Tissue Preparation All tissues were cut into 2 mm thin sections. Lung tissue was sectioned and expanded with respective media using a 29 gauge needle to confirm structural integrity on histology. Tissues were stored at 4 degrees for 24 hours. Storage time is defined as the time the tissue is immersed in the solution until startup of the tissue processor. The purpose of processing tissue after storage is to remove water from the tissue and replace it with a medium such as molten wax that allows the tissue to be sectioned into thin sections. The processor consists of three steps: dewatering, clarification, and infiltration. During the dehydration step, the tissue is passed through a graded series of alcohols. During this step, alcohol can dissolve the lipid components of the tissue and cause shrinkage. The second step is clarification using xylene as a reagent. Since ethanol and wax are immiscible, this transfer step allows the molten wax to penetrate the tissue. It should be noted that additional tissue shrinkage may occur during clearing. After tissue processing is complete, the tissue is paraffin-embedded into blocks. Blocks were sectioned at 4 micrometers for staining using a rotating microtome.

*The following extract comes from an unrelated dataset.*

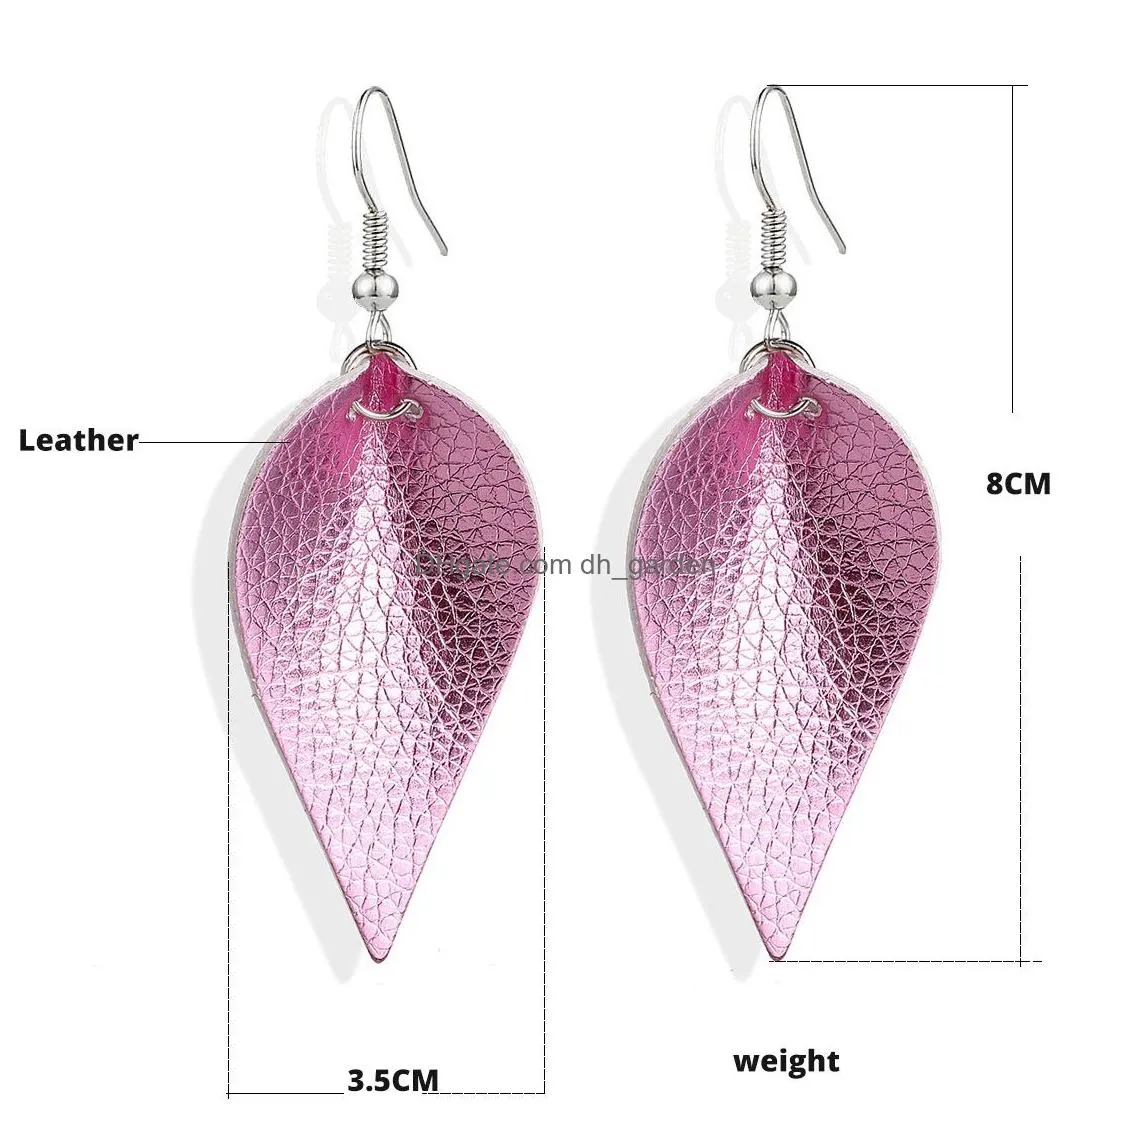 New Cutting Leaf Feather Earrings PU Leather Sequins Looking Various Multi Colors Bohemia Water Drop Dangle Earrings Fashion Jewelry

Histology For histology, tissues were stained with hematoxylin and eosin (H&E).

Immunohistochemistry One antigen was selected as a marker for each organ listed in Table 5. Representative markers for lung tissue are thyroid transcription factor (TTF-1), a nuclear marker that stains alveolar types 1 and 2, club cells, and ciliated epithelial cells. For myocardium, muscle-specific actin (MSA) was selected, which stains myocardium, myoepithelial cells, and pericytes of small blood vessels. The marker for liver tissue is hepatocyte-specific antigen (HepPar-1), which is a mitochondrial antigen of hepatocytes. Finally, a renal marker is the common acute lymphoblastic leukemia antigen (CD10), which is present in the glomerular epithelium. Secondary antibodies against these four markers are biotinylated horse anti-mouse.

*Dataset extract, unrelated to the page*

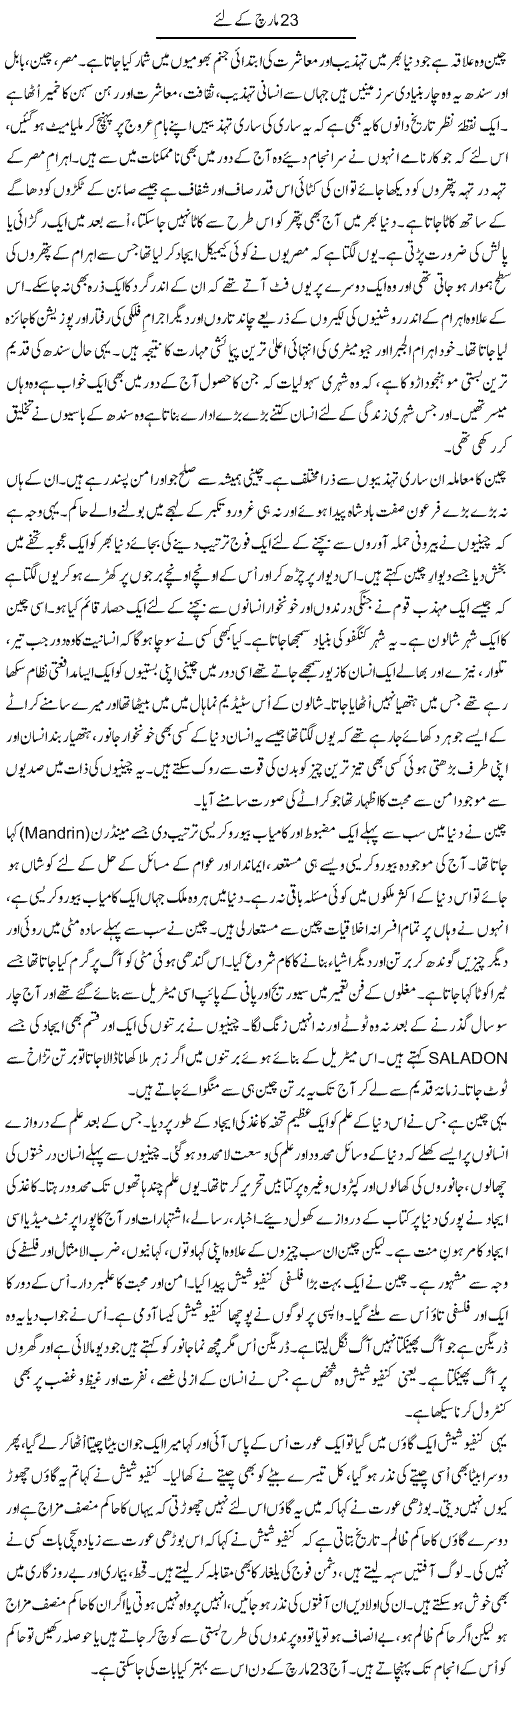 For 23 March Express Column Orya Maqbool 23 March 2011

Immunofluorescence Immunofluorescence staining was performed on all four organs testing three common antibodies shown in Table 5: Ve-cadherin, vimentin (Vim) and alpha smooth muscle actin (α-SMA). . Ve-cadherin is a cell adhesion molecule and was chosen as an endothelial marker. The secondary antibody used here was goat anti-rabbit IgG Alexa Fluor® 555 (Cat. No. A32732). VIM is a type III intermediate filament protein expressed in mesenchymal cells. VIM as used herein is the primary conjugate antibody. α-SMA is a component of the cytoskeletal structural network. It is expressed in vascular smooth muscle cells (SMC), myoepithelium and myofibroblasts. The secondary antibody is donkey anti-rabbit IgG Alexa Fluor Plus 488 (catalog number A32766). Sections were counterstained with the nuclear marker DAPI.

Evaluation The quality of histology and immunohistochemistry was reviewed by a pathologist at the UHN Laboratory Medicine Program. Evaluations were performed blindly and scored from 0 to 3 based on standardized criteria. H&E criteria for nuclear and cytoplasmic quality are as follows: 0: complete loss of tissue architecture, 1: poor cellular and tissue architecture but discernible histology, 2: suboptimal cytology. but interpretable, and 3: clear staining and structure. Immunohistochemistry was evaluated for staining intensity: 0: no staining, 1: clinically insufficient but patchy staining present, 2: suboptimal but interpretable staining, weak intensity, and 3: complete. staining. Statistical tests were performed with GraphPad Prism9. For evaluation at significance level 5, a non-parametric Mann Whitney U test was used.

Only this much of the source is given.